Disadvantages of buying a car with a personal loan

  • Much more expensive: Personal loans come with higher interest rates than car loans. According to the latest average rates of the Federal Reservetwo-year personal loans are almost twice as expensive as four-year car loans (annual percentage rate (APR) of 9.65% vs. 4.95%).

Benefits of buying a car with an auto loan

  • More affordable: Auto loans are simply cheaper. If you took out a five-year, $25,000 loan using the interest rate above, you’d pay $56 less per month on a car loan and save $3,340 in interest when you pay off the car. .
  • Easier to get: You don’t usually need to have such a good credit score to get a car loan, although that certainly helps.

Disadvantages of buying a car with an auto loan

  • May not be able to borrow for all cars: Lenders have thresholds for determining the age of a car in order to finance it.
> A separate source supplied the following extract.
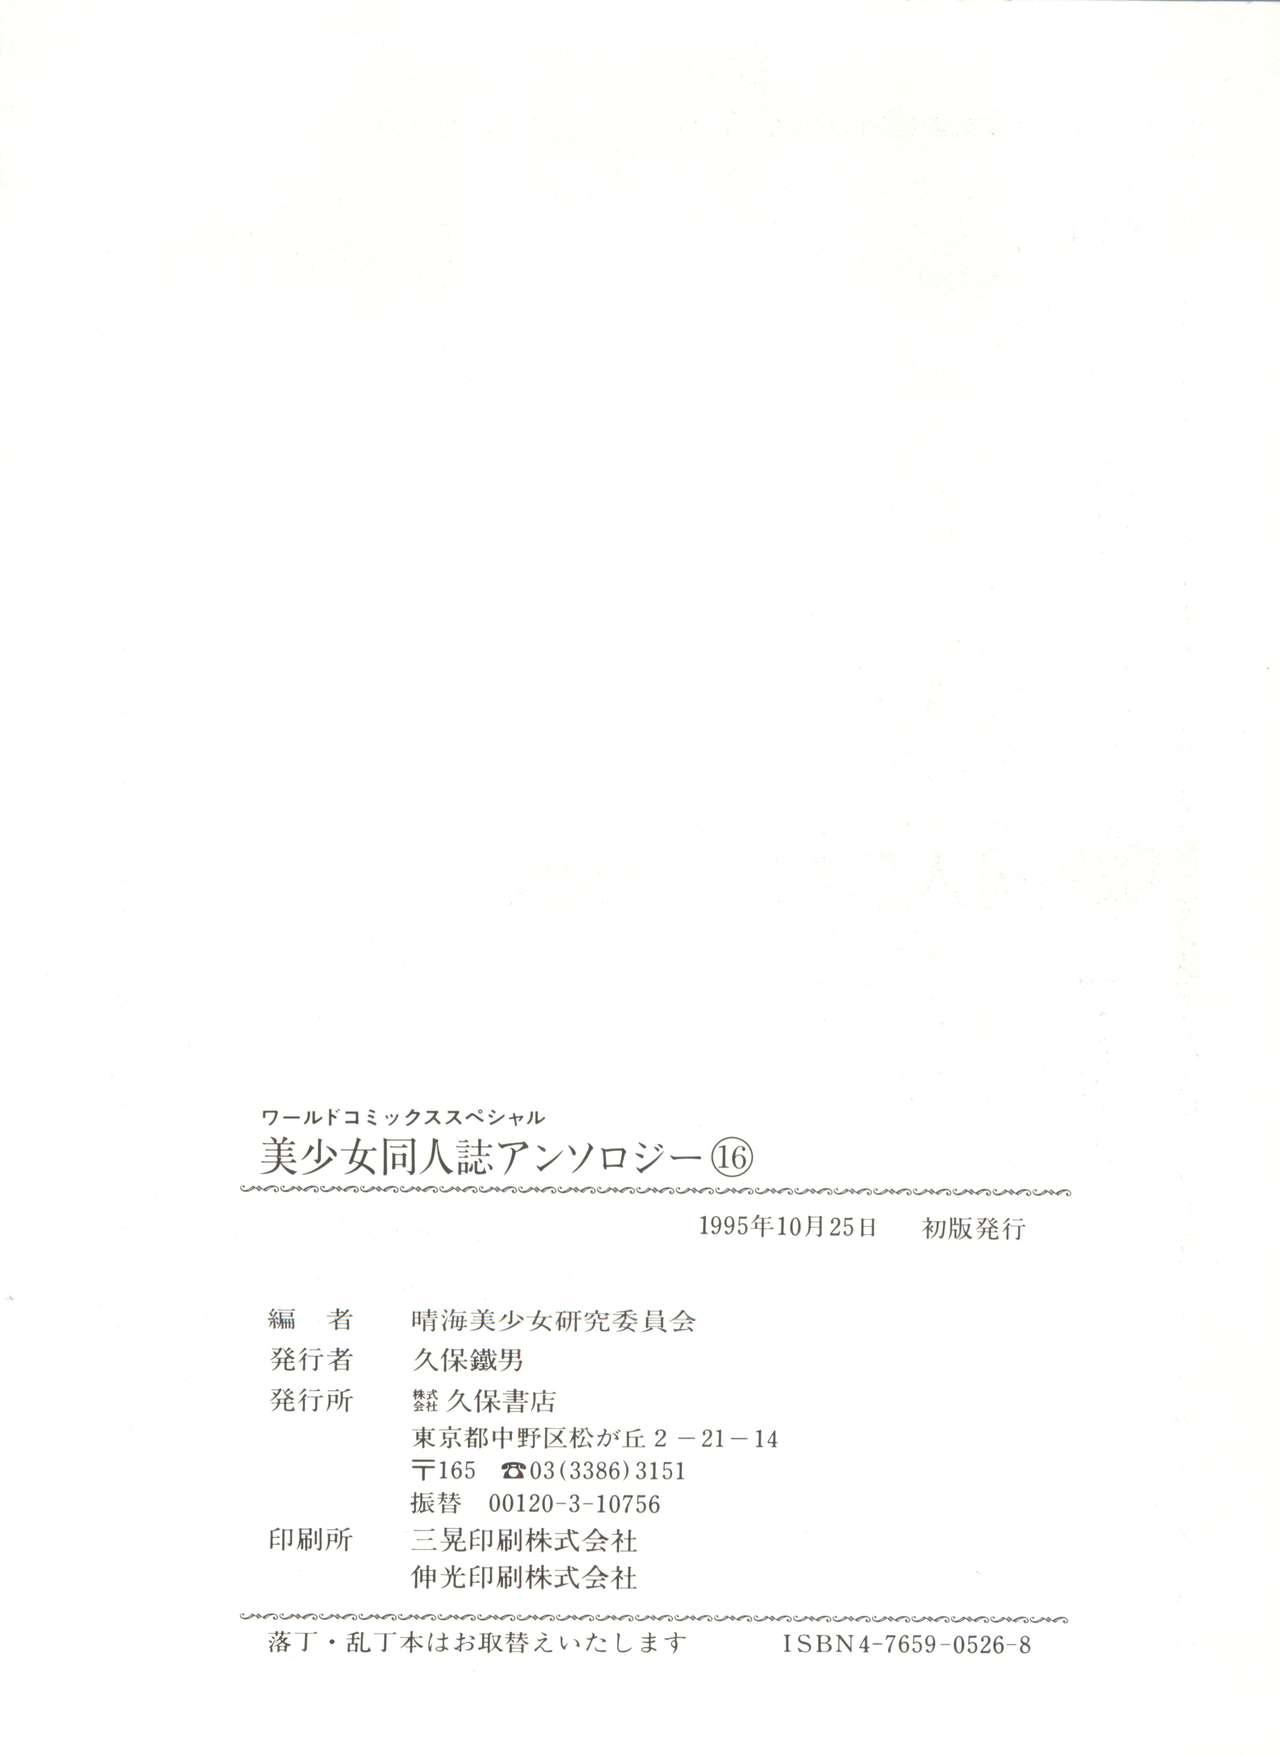 Bishoujo Doujinshi Anthology 16 - Moon Paradise 10 Tsuki no Rakuen 146
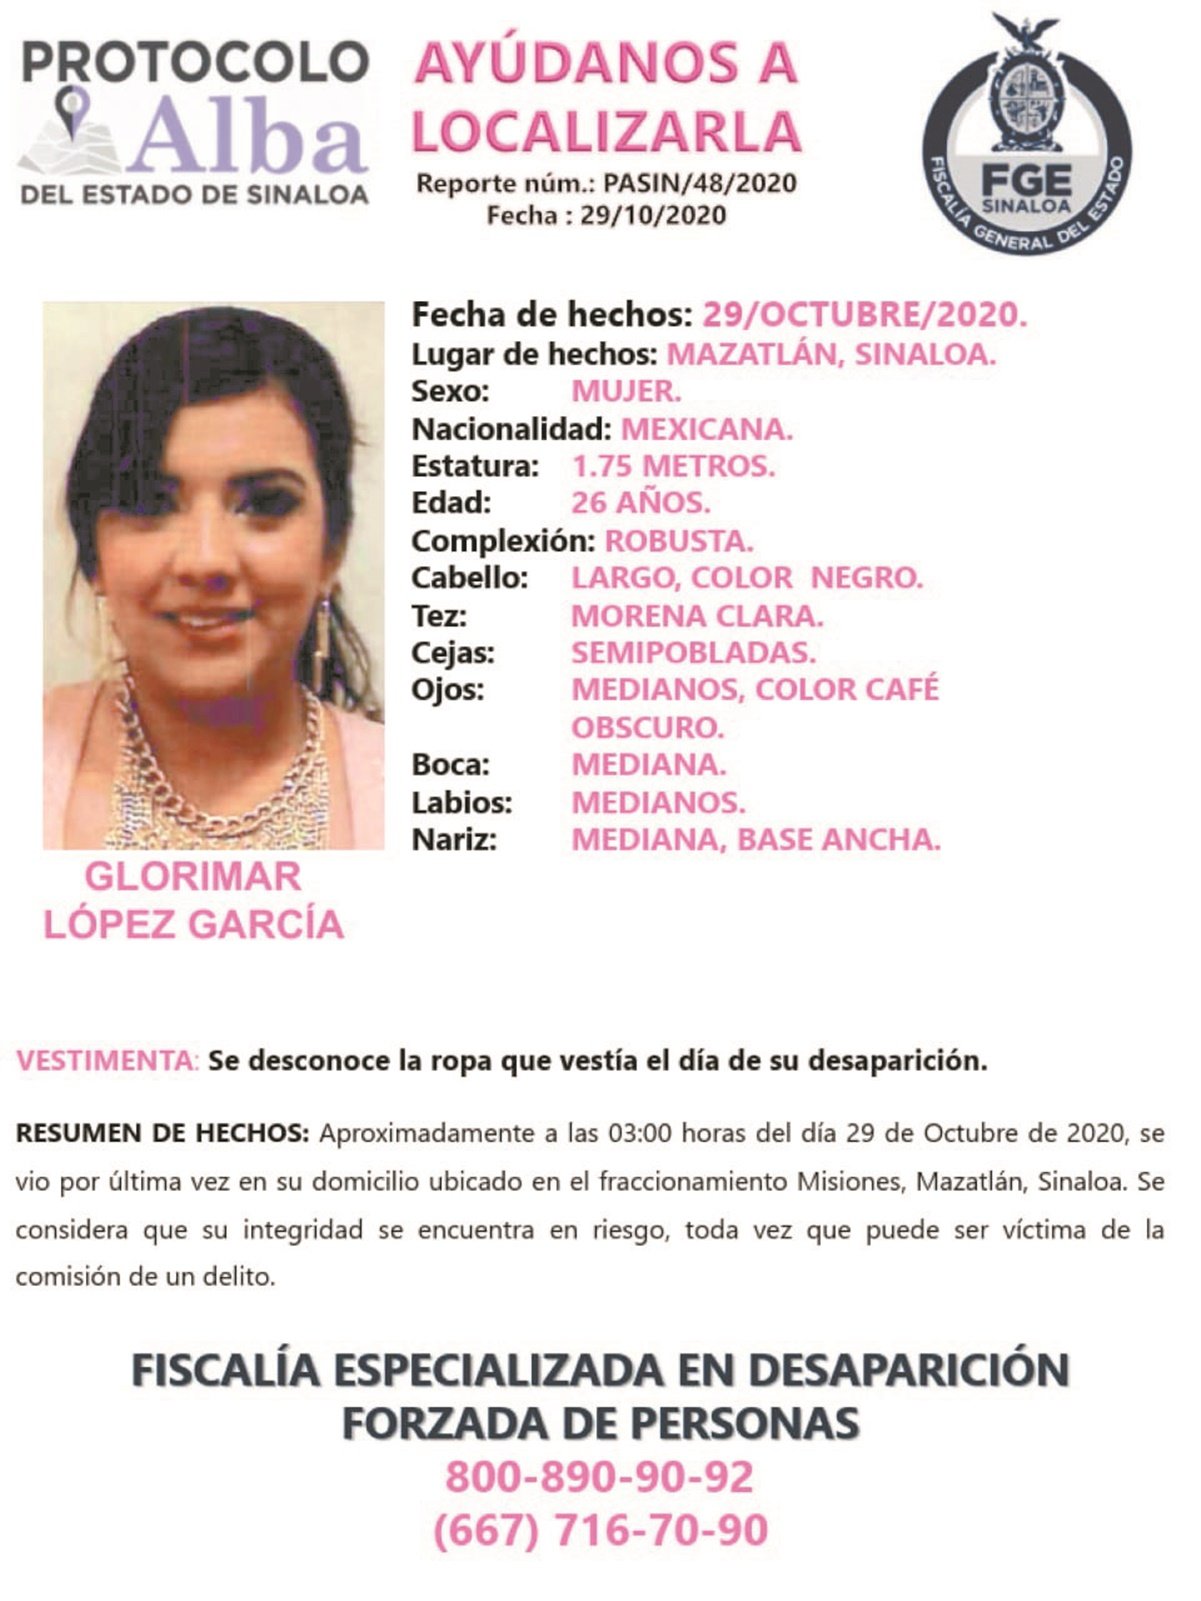 Exigen la localización de Glorimar, enfermera secuestrada en Sinaloa

It should also generally be in working order. A car loan may not work if you want to restore an old classic car.
  • Need a deposit: Most lenders will require some sort of down payment. If you haven’t saved a down payment, it can be difficult to get approved for a car loan.
  • The lender can repossess your car: You can lose your car very quickly if you are late on payment or fail to repay the loan.
  • Usually requires car insurance: When you take out a car loan, you’ll likely need to take out all-risk insurance, which can be expensive.